Dean Evans on 14 Dec 2023 11:34:41

RE: Please enable lakehouse schema to reflect changes in dataflows

Update: When your query schema changes (e.g. add or delete new column ) before clicking 'Publish' to lakehouse, go into data destination settings (cog bottom right), click 'Next' into 'Choose Destination Target' - and this is the critical bit - ensure 'New table' is selected (even though you know that this table already exists in your Lakehouse). Ensure your destination lakehouse and table name are unchanged, click 'Next' which should display a message to the effect of 'your schema has changed', (you might need to check the box next to your new column(s) to include them in the schema) then save and publish. Please note this method does not work on my historical lakehouse tables - only new ones (as at 13th Dec 2023). To get this to work on your older tables you will need to delete them from the lakehouse, re-publish them from your Gen2 dataflow, then from that point on you should be good for future schema changes.
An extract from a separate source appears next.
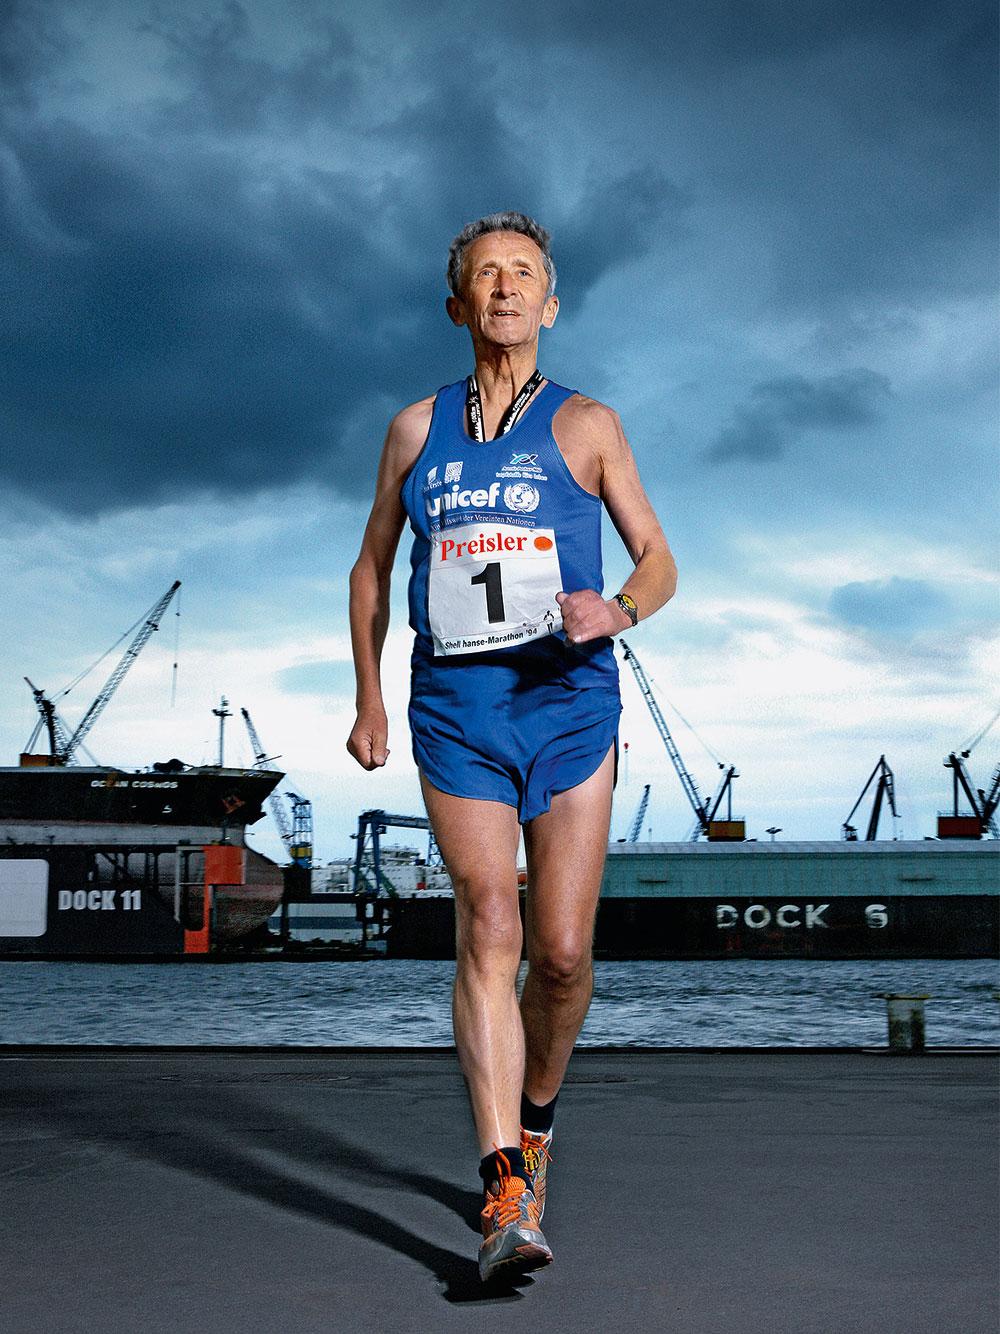 Horst Preisler, 73, Marathonläufer, Hamburg, 2009

Daniel Scott's profile image Profile Picture

Dean Evans on 06 Nov 2023 10:43:09

RE: Please enable lakehouse schema to reflect changes in dataflows

Great idea Daniel, although I suspect this feature is implemented but not working as expected (bug). When a dataflow gen2 query schema changes, if you re-do the destination table part before hitting publish, Fabric 'sees' the new column if you select an existing column dropdown (thereby overwriting the existing column with the new columns detail - obviously of little practical worth) - but there's no way to make this new column appear as an addition to the schema (i.e. show up as it's own line entry).